Mild overexpression of Atg14 increases autophagic activity in yeast [32
]. In mammals, overexpression of Barkor/Atg14(L) enhances autophagic activity even under nutrient-rich conditions [36
]. Thus, Atg14 seems to be one of the limiting factors regulating autophagic activity.
Autophagic activity is reduced in yeast cells expressing an Atg14 variant lacking the C-terminal half (hereafter, Atg14-ΔC) compared to cells expressing the full-length Atg14 (Atg14-FL). Cells expressing the Atg14-ΔC variant accumulate smaller autophagic bodies, indicating that Atg14 has a close relationship with the size of the autophagosome [32
]. We performed electron microscopy and measured the diameter of the smaller autophagic bodies accumulated in Atg14-ΔC cells (). The average diameter of autophagic bodies accumulated in Atg14-ΔC cells is approximately 66% of that in cells expressing Atg14-FL. Thus, the volume of each autophagic body in Atg14-ΔC cells is estimated to be 29% (the cube of 66%) of that in Atg14-FL cells. Autophagic activity is roughly proportional to the volume of autophagic bodies. Consistent with the estimation based on this electron microscopy, the actual autophagic activity in Atg14-ΔC cells, measured by an established biochemical assay, is approximately 33% of that in Atg14-FL cells [32
]. Thus, the C-terminal half of Atg14 is likely to be required to form a normal-sized autophagosome rather than to regulate the number of autophagosomes. How Atg14 regulates the size of autophagosomes is currently unknown. It is possible that the C-terminal half of Atg14 is directly involved in the modulation of autophagosome size. In this sense, it would be interesting to examine whether the amphiphilic helix within the C-terminal half is involved in modulating the curvature of the isolation membrane. Alternatively, the C-terminal half of Atg14 may regulate autophagosome size indirectly through one or more downstream molecules. Deletion of ATG14
affects the localization of Atg8, the Atg12-Atg5-Atg16 complex, and the Atg2-Atg18 complex [41
]. Smaller autophagic bodies are accumulated in cells expressing Atg8 variants with reduced activity [42
]. Similarly, the size of the autophagosome correlates with the protein levels of Atg8 [43
]. Thus, it is possible that Atg14 regulates autophagosome size indirectly through modulating Atg8 recruitment to the PAS.

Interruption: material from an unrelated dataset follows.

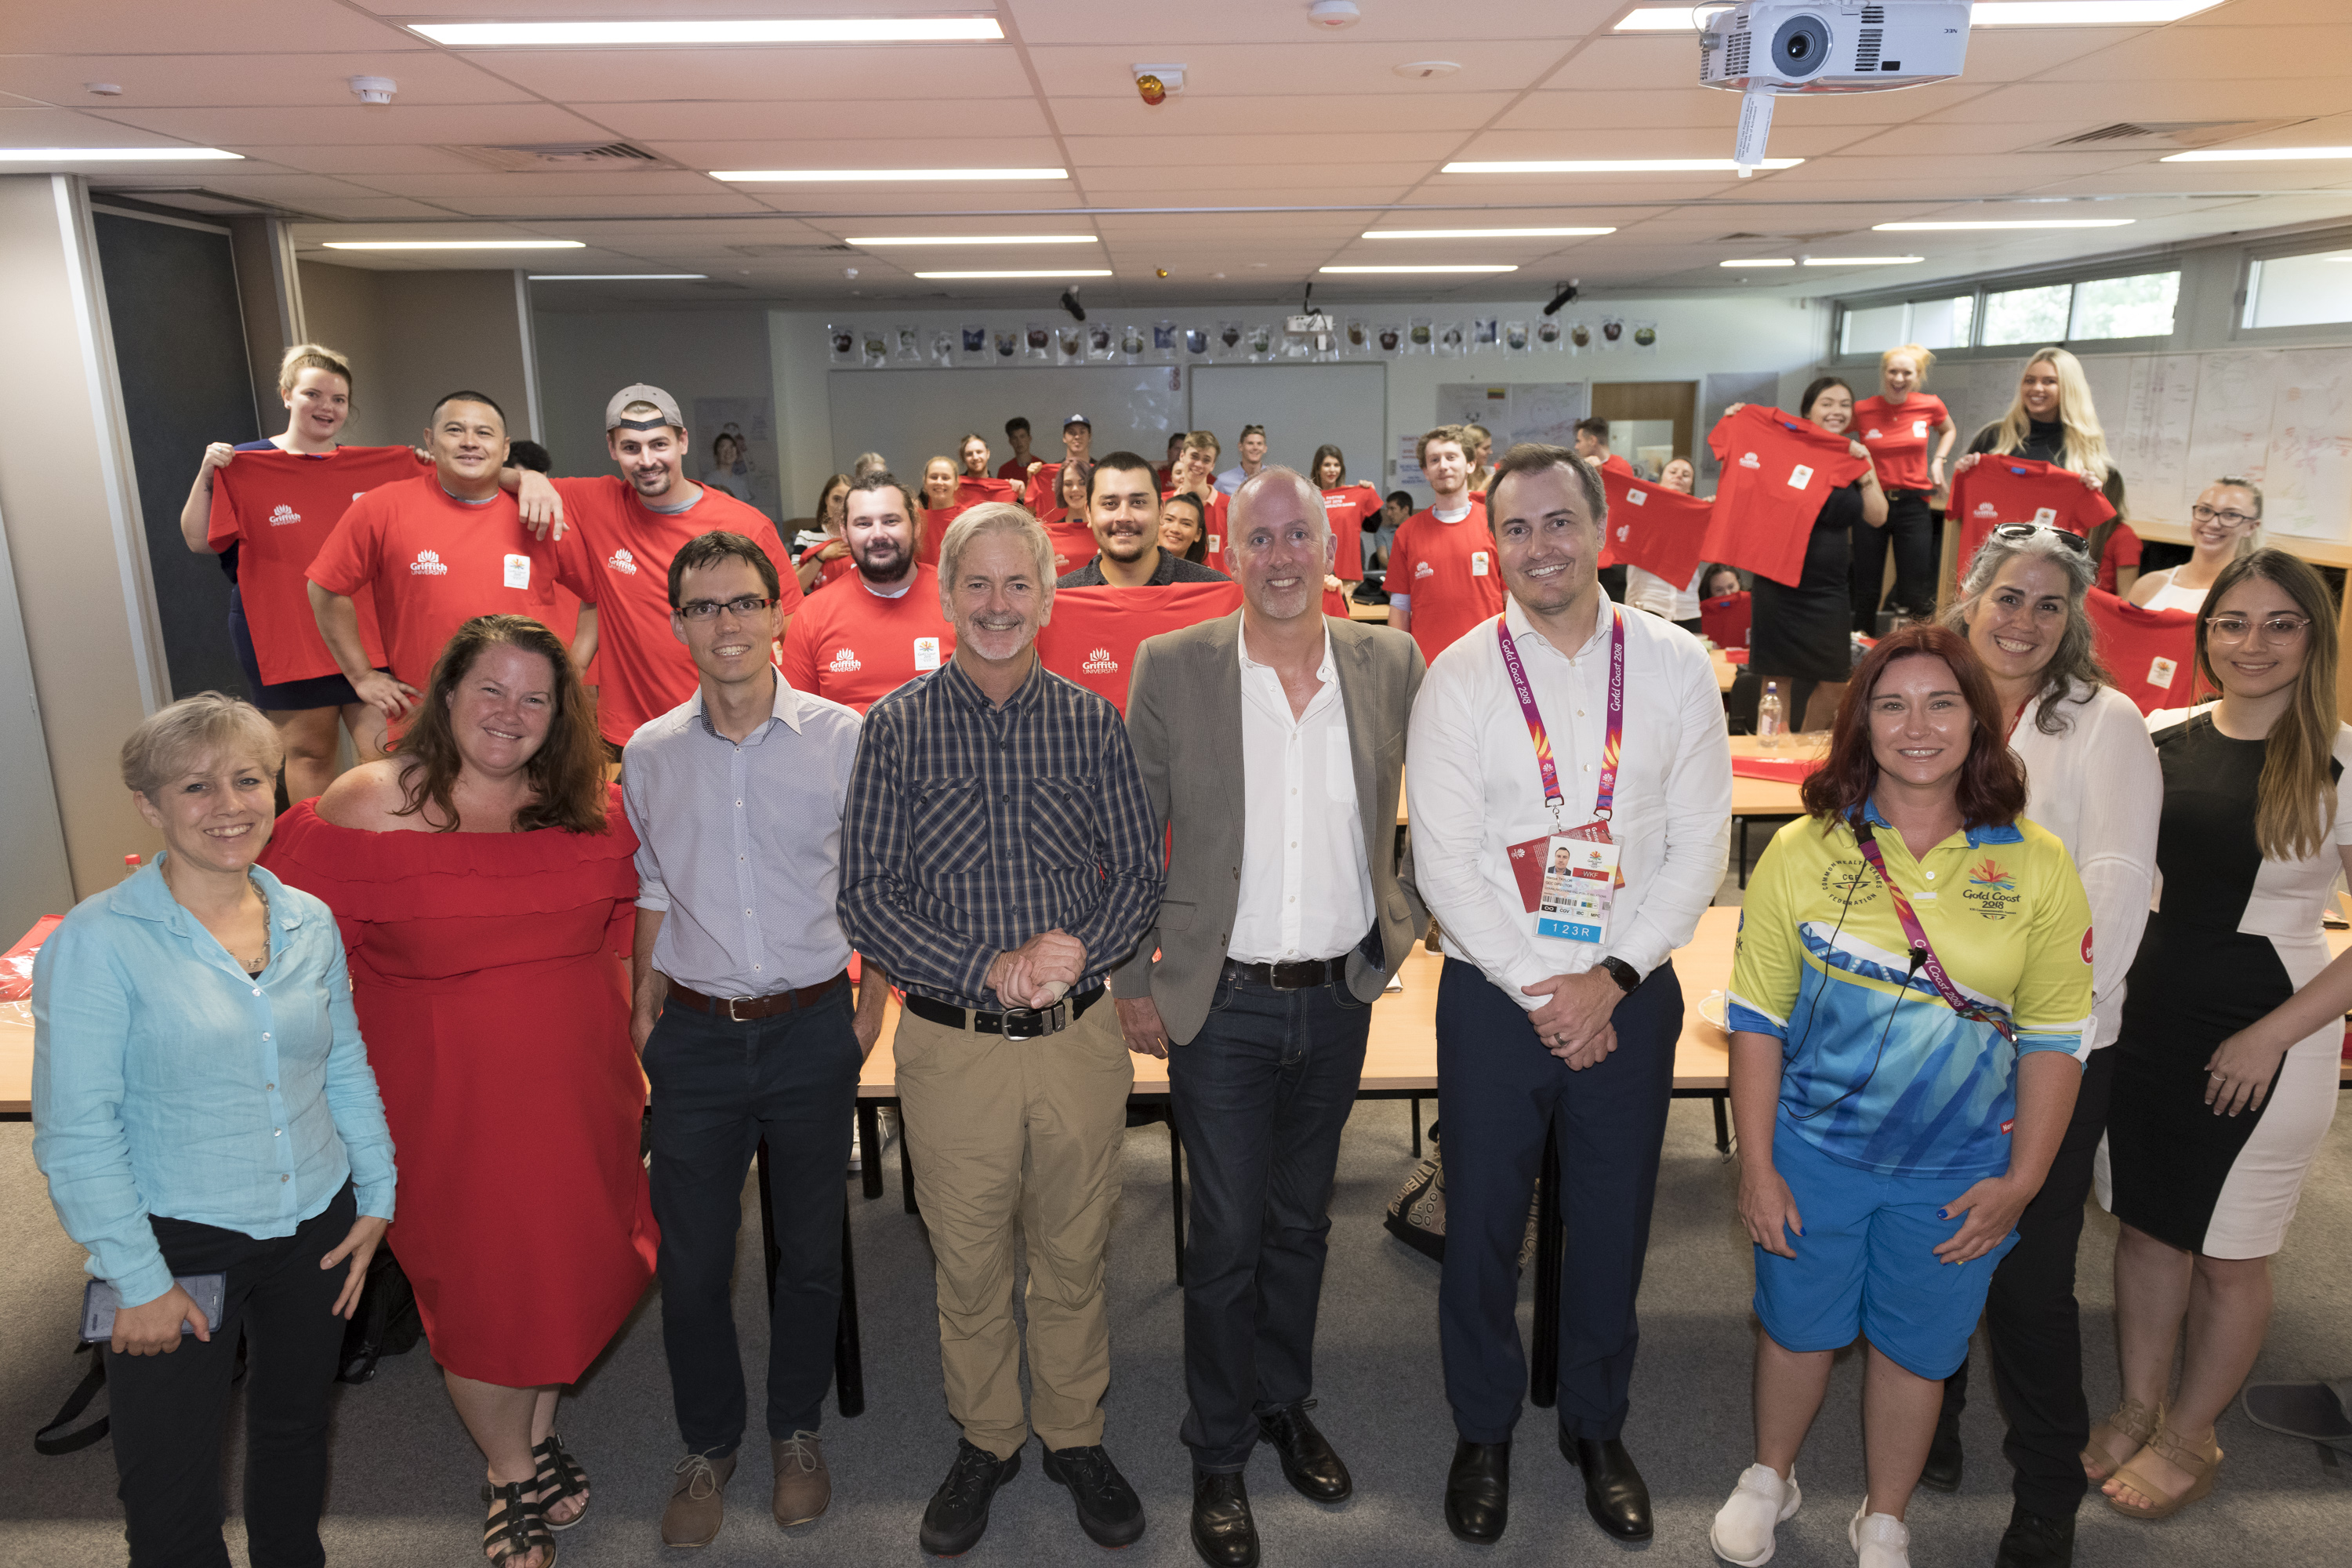 Back row: Griffith journalism students prepare for their GC2018 journalism experience. Front row from left; Virginia Balfour and Nance Haxton (Griffith), Conal Hanna (Fairfax), Professor Mark Pearson and Professor James Carson(Griffith), Marcus Taylor (GOLDOC), Megan Walker (2018 Commonwealth Games International Zone Manager), Faith Valencia-Forrester and Audrey Courty (Griffith).

Figure 3 Cells expressing the Atg14-ΔC variant accumulate smaller autophagic bodies. (a) Electron micrographs of autophagic bodies accumulated in BJ2168 cells lacking vacuolar proteases. Cells were cultured for 3.5h in nitrogen-depleted medium, (more ...)
As mentioned above, overexpression of Barkor/Atg14(L) activates autophagy in mammalian cells even under nutrient-rich conditions [36
], indicating that Barkor/Atg14(L) is one of the key players regulating autophagic activity in mammals. Other subunits of PtdIns 3-kinase complexes are also involved in the regulation of autophagic activity. UVRAG positively regulates maturation of the endosome and the autophagosome. Conversely, Rubicon negatively regulates maturation of the endosome and the autophagosome by sequestering UVRAG from the class C-VPS/HOPS complex [34
]. Beclin 1 also plays an important role in regulating autophagy. Beclin 1 interacts with multiple proteins in addition to the core subunits of the PtdIns 3-kinase complexes. One of these, Ambra1, positively regulates autophagy and plays a crucial role in neural development [30
]. Beclin 1 also interacts with Bcl-2, an antiapoptotic protein, that is believed to regulate the balance between autophagy and apoptosis [29
]. Thus, Beclin 1 may serve as a platform upon which cellular signals converge and function to regulate the crosstalk of multiple processes, including autophagy. This function of regulating the balance of multiple cellular events has not been reported for yeast Vps30/Atg6, which implies that Beclin 1 has obtained this regulatory role during evolution.
In addition to generating PtdIns(3)P
by the autophagy-specific PtdIns 3-kinase, dephosphorylation of PtdIns(3)P
also plays an important role in regulating autophagy in mammals. Overexpression of PtdIns(3)P
phosphatases decreases autophagic activity, while the knockdown or the expression of a dominant-negative form of the phosphatases enhances autophagy [45
]. It is currently unclear whether such regulation also occurs in yeast.
Taken together, Atg14 regulates autophagic activity, at least partially, both in yeast and mammals. However, the Barkor/Atg14(L)-containing PtdIns 3-kinase complex seems to play a more crucial role in determining autophagic activity than yeast Complex I, and the regulation of the Barkor/Atg14(L) complex may have evolved to function in a more sophisticated manner.